Looks like the Rock is the head cop.

Does this mean the Rock and Vin Diesel are going to fight each other


----------



## FreeWorld (Dec 17, 2010)

so this is happed before tokyo drift? well thats good cause this could lead to where tokyo dirft left off

tokyo drift sequel anybody?


----------



## Thomaatj (Dec 17, 2010)

Just for Vin Diesel I'll watch this.


----------



## typhoon72 (Dec 17, 2010)

Watchin it for pure entertainment, and Jordana Brewster.


----------



## CrazyMoronX (Dec 17, 2010)

You gonna be fappin?


----------



## typhoon72 (Dec 17, 2010)

CrazyMoronX said:


> You gonna be fappin?


----------



## Adagio (Dec 17, 2010)

The Rock 
Vin Diesel 
ROMIE ROME!!! 

And how is Han in it? So this happens in the storyline before the start of the fourth movie?


----------



## Kenpachi_Uchiha (Dec 17, 2010)

So which one is technically the last one in terms of storyline? 3...Tokyo Drift?


----------



## ~Gesy~ (Dec 17, 2010)

sure seems that way


----------



## bigduo209 (Dec 17, 2010)

*LOL!!!*

Looks good, I'm actually looking forward to seeing this movie. It may have mindless action, but I wasn't looking forward to it being an intellectual movie by any standards.


----------



## Zen-aku (Dec 17, 2010)

bigduo209 said:


> *LOL!!!*
> 
> Looks good, I'm actually looking forward to seeing this movie. *It may have mindless action*, but I wasn't looking forward to it being an intellectual movie by any standards.

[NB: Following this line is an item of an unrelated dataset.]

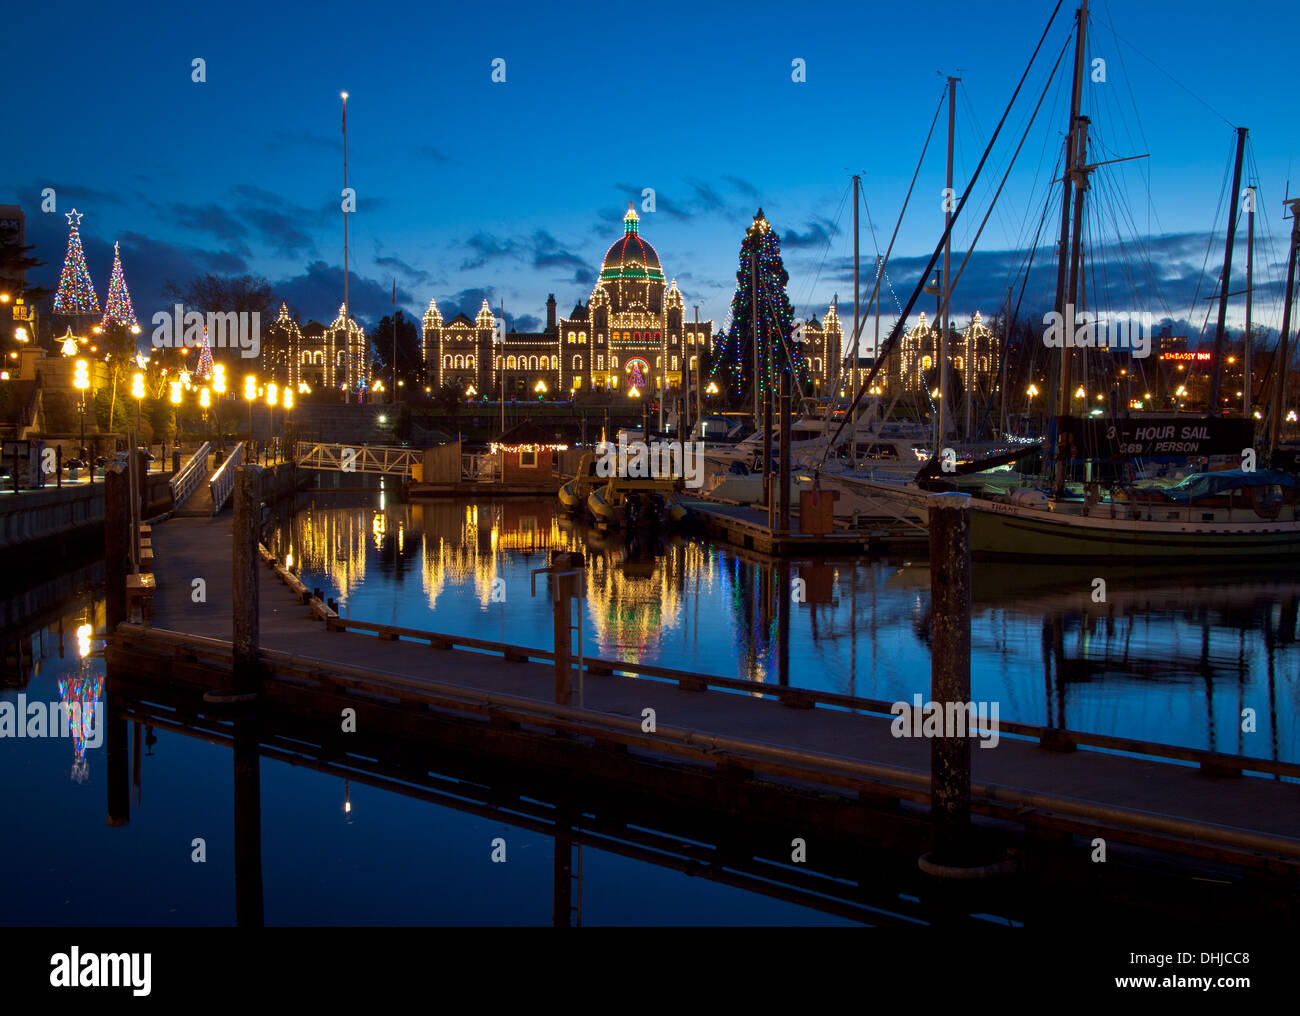 A view of the Inner Harbour and British Columbia Parliament Building at Christmas. Stock Photo

since when is this a negative.....


----------



## Canute87 (Dec 19, 2010)

You know if they're constantly going to be queezing prequels because they fucking killed of han in tokyo drift maybe it wasn't a good idea to kill han in the first place.

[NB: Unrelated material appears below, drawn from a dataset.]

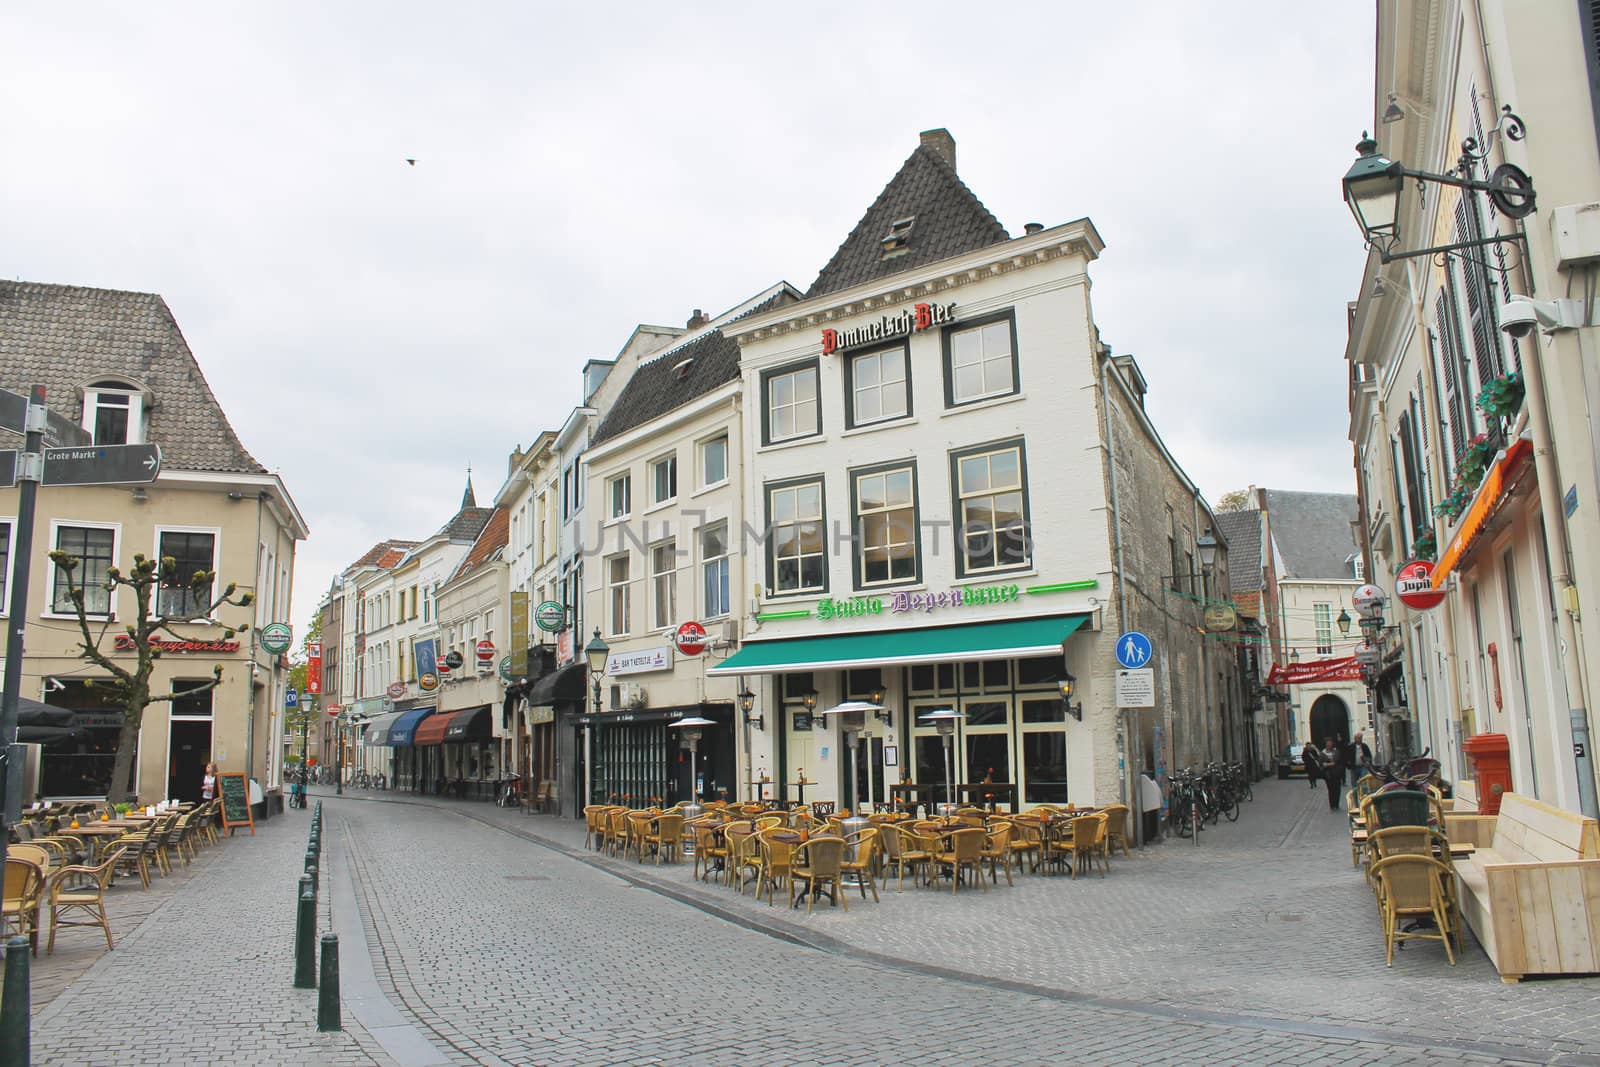 Street cafe in the Dutch city of Breda. Netherlands

This is like devil may cry.


----------



## Delta Shell (Dec 19, 2010)

Canute87 said:


> You know if they're constantly going to be queezing prequels because they fucking killed of han in tokyo drift maybe it wasn't a good idea to kill han in the first place.
> 
> This is like devil may cry.



He will have survived and it will be a sequel. Japanese people have natural +10 Fire Resistance.


----------



## Rukia (Dec 19, 2010)

Maybe Han didn't really die?  Maybe he survived?  Maybe his double took his place before that final scene?  They can come up with some bullshit.  

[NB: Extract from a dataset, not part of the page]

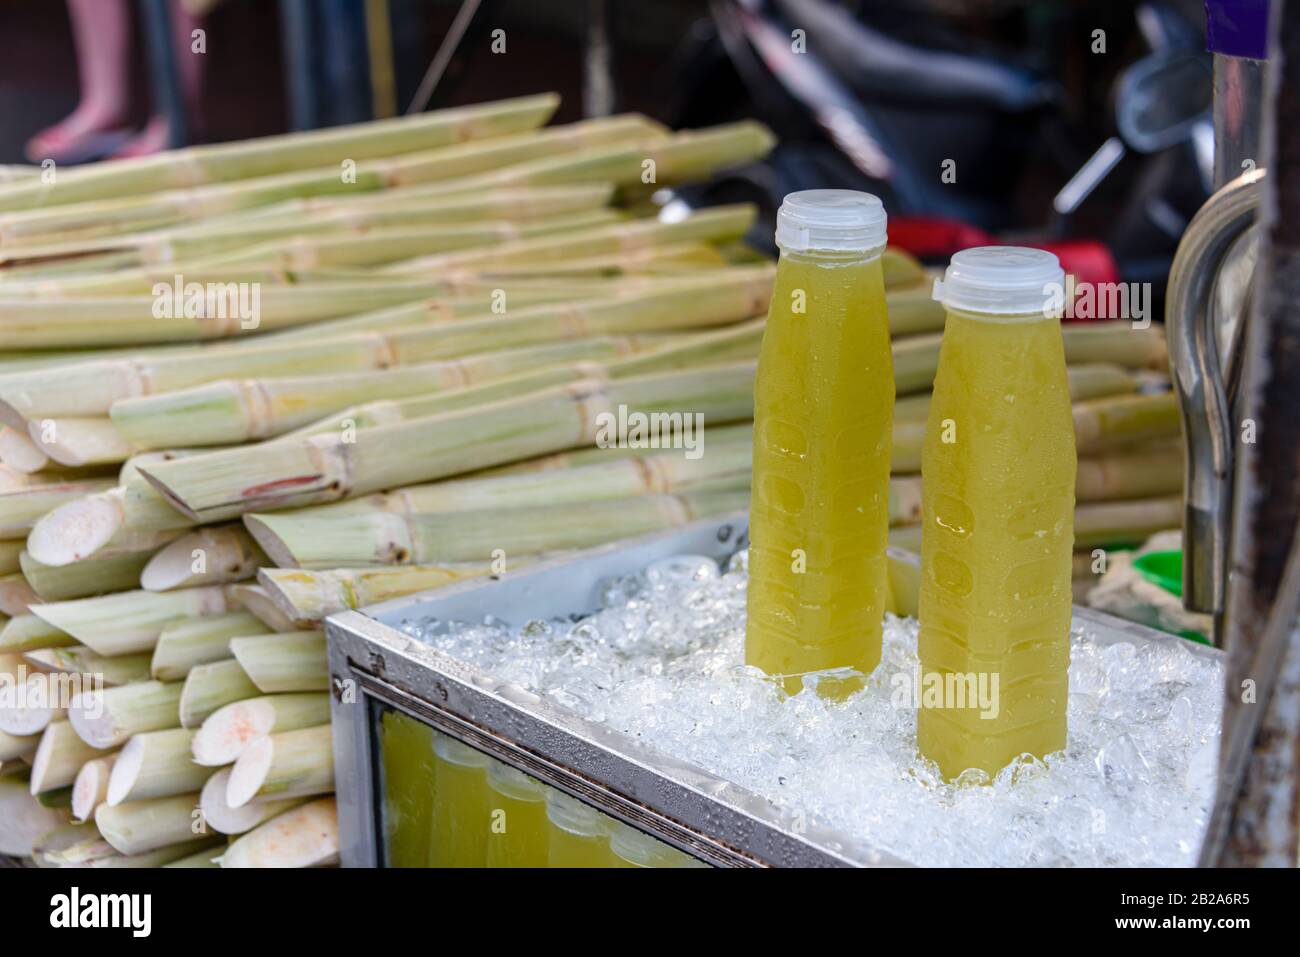 Plastic bottles on ice containing pulped sugar cane for sale on a street stall, Bangkok, Thailand Stock Photo

I don't mind if this series continues as long as it continues to focus on cars.  But they should definitely consider changing up the characters before the sixth movie.  They should also change the location.  Germany?


----------



## vegitabo (Dec 21, 2010)

did they just pull a vault of of a wall with two cars 
and it is somehow always a last job


----------



## Devil Kings (Dec 21, 2010)

CrazyMoronX said:


> Yeah, it should be epic.
> 
> Man on Fire Vin vs Walking Tall Rock. Who'd win?
> 
> No 2x4.



Man On Fire Diesel would rape Walking Tall Rock.

Man On Fire is still one of Diesel's best, next to Pitch Black. 

And before you ask what about the sequel Chronicle Of Riddick, check what I'm holding.


----------



## Zen-aku (Dec 22, 2010)

Devil Kings said:


> And before you ask what about the sequel Chronicle Of Riddick, check what I'm holding.



Every thing Riddick Related is awesome you hear me!


----------



## Violent-nin (Dec 23, 2010)

Rukia said:


> I'll watch it.  Vin Diesel is a terrible actor.  But let's face it... this franchise is about the cars.  This is an opportunity to see the best of Top Gear, Gran Turismo, Motor Trend, Etc all rolled into one.
> 
> I saw a GTR in the trailer and got excited.
> 
> In other news, Jordana Brewster is still hot.



Pretty much agree with all of this. I like these movies/series for what they are, fast/nice cars, hot girls, action, etc.


----------



## illusion (May 1, 2011)

*Fast 5*

Did a search and didn't see a thread for this, sorry if I was wrong. Anyways, just watched it and thought it was really entertaining. 

It was a lot different from the other Fast and Furious movies, it focused less about racing and more about the plot. I would compare it more towards the Italian Job or Oceans 11 then the previous Fast and Furious movies, probably why I liked it so much.

All in all, an action packed movie, with a decent storyline and I would definitely recommend it.


----------



## Dr.Douchebag (May 1, 2011)

Nice might see it this weekend


----------



## Serp (May 1, 2011)

It was oceans 11 with thugs, and thats what made it great  and WTF twist at the end.


----------



## The Potential (May 1, 2011)

Hopefully going to see it this week.


----------



## Zaru (May 1, 2011)

I have not seen previous fast and the furious installments (well not in whole), so I don't know how it compares and I didn't know who the characters aside from the two main characters are, but I enjoyed the movie.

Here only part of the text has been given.